Limitations and Future Perspectives
The study provides a very detailed data on pharmacological development, however, some limitations should be discussed. Two cancer cell lines (THP-1 and SH-SY5Y) were used in the in vitro cytotoxicity assay. To illustrate selectivity and reduce off-target damage, more pediatric cancer models (Ewing sarcoma, rhabdomyosarcoma) and normal cell lines should be used in the future research. Second, synthetic intestinal fluid (pH 6.8) was used in the in vitro dissolution studies, which might not be a complete representation of the complex physicochemical conditions of the juvenile gastrointestinal tract. This was an in vitro similar dose potency study on adult.

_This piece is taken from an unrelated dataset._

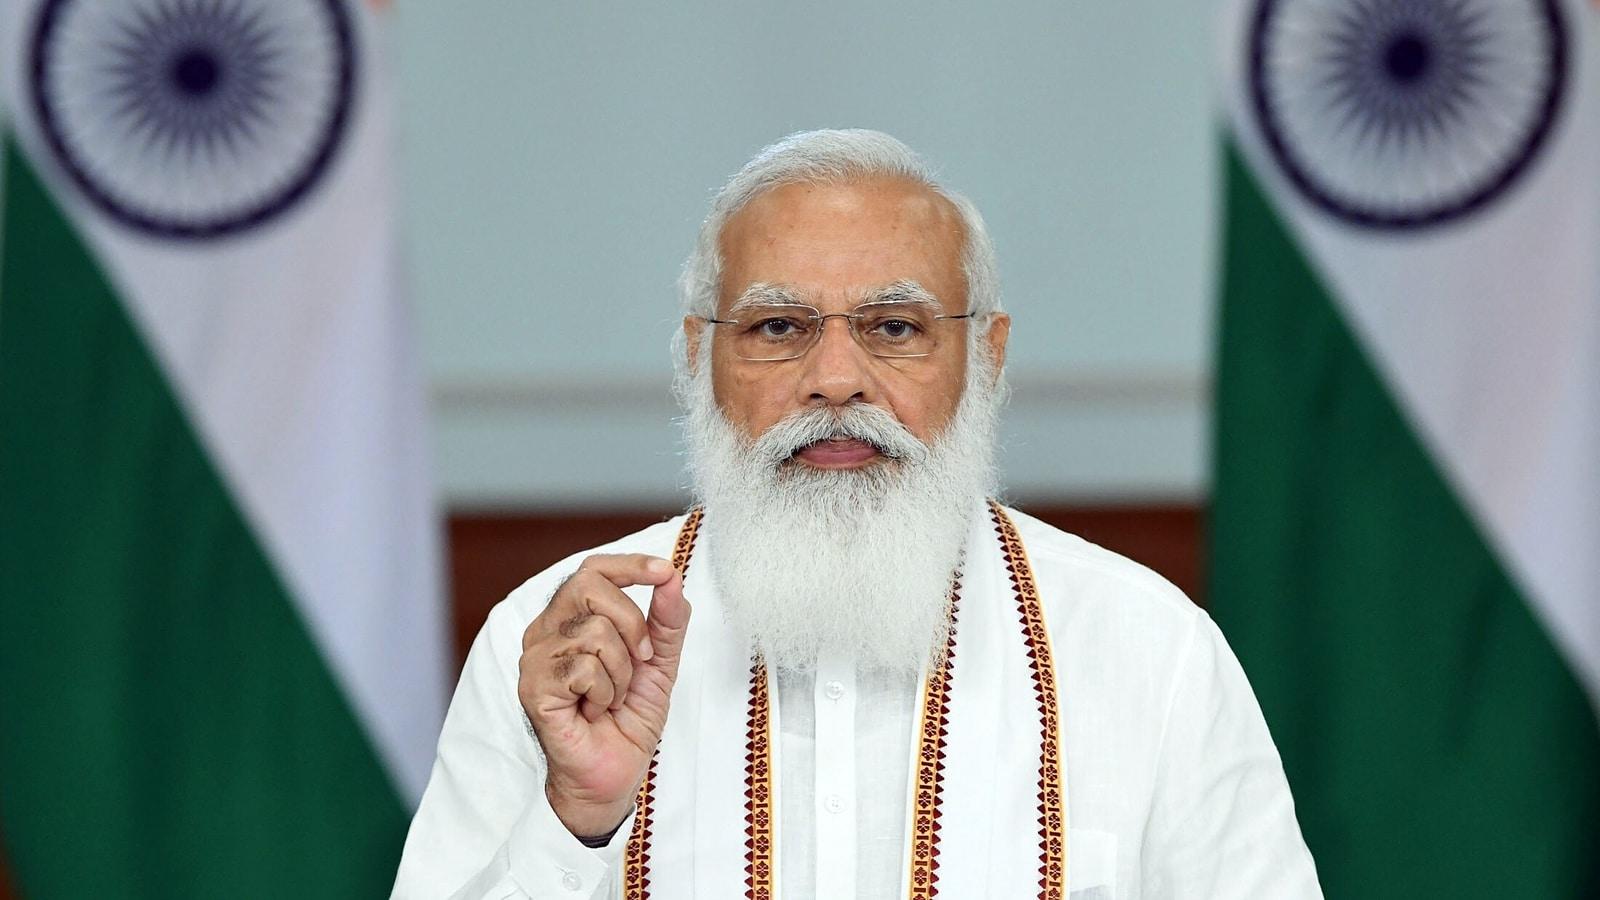 Kargil Vijay Diwas: PM Modi pays tribute, says 'we remember their sacrifices'

Pediatric dosing optimization should be done on an established allometric scaling approaches and pharmacokinetic/pharmacodynamic modeling in order to both ensure the dosage linearity and predictable exposure.The stability test was performed in a short period of six months; longer data which extends 12 to 24 months would be beneficial to the arguments of the commercial viability and shelf-life condition. Future studies would include: (1) pharmacokinetic studies in pediatric animal models to determine absorption, distribution, metabolism, and elimination patterns; (2) PK/PD modeling to determine dose-exposure-response relationships; (3) food-effect studies to examine the effect of fed/fasted states on bioavailability- especially in pediatric patients with an erratic meal pattern; (4) clinical trials in pediatric patients with acute leukemia and neuroblastoma to establish efficacy and safety; and (5) manufacturing scale-up and process.

CONCLUSION
In this extensive study, novel and systematically characterized a pediatric-focused formulation of docetaxel as nanocrystals loaded into orally disintegrable films (NC-ODFs) has been developed and systematized to overcome numerous traditional issues in pediatric cancer treatment with drugs. Strategic combination of nanocrystal technology and orodispersible film platforms led to a significant improvement in the pharmaceutical performance across all quality criteria including a significantly improved solubility due to nanocrystallization, a rapid dissolution rate (86.5% release in 30 minutes), a significantly enhanced cytotoxic activity (2.52.7-fold reduction in IC 50), a strong physicochemical stability meeting the ICH Q1A(R2) and excellent biocompatibility and safety of excipients. In addition to formulation performance, NC-ODF system is specifically designed to support major, unmet clinical requirements in the treatment of pediatric cancer, namely, providing a patient-friendly, water-free dosage form, which can potentially decrease the administered dose without negatively affecting the therapeutic action, expand medication adherence through a higher acceptability rate, and avoid the systemic toxicity due to the maximization of the drug bioavailability.  The exact use of a Quality by Design (QbD) framework and the massive physicochemical, mechanical, stability, dissolution and biological characterization provides a strong scientific and regulatory base in further translational development. In this paper, a revolutionary delivery system in pediatric oncology is introduced that will translate pharmacological finding into tangible therapeutic advantages to an extremely vulnerable group of patients. Data on the persuasive preclinical are sufficient to proceed to the pharmacokinetic studies in appropriate pediatric animal models and then carefully designed clinical trials in children with acute leukemia and neuroblastoma. Moreover, NC-ODF technology is an illustration of a versatile and scalable technology that has experienced widespread transference to other poorly water-soluble anticancer drugs, which provides significant promise of improving global outcome in pediatric cancers.

CONFLICT OF INTEREST
The authors declare that there is no conflict of interests regarding the publication of this manuscript.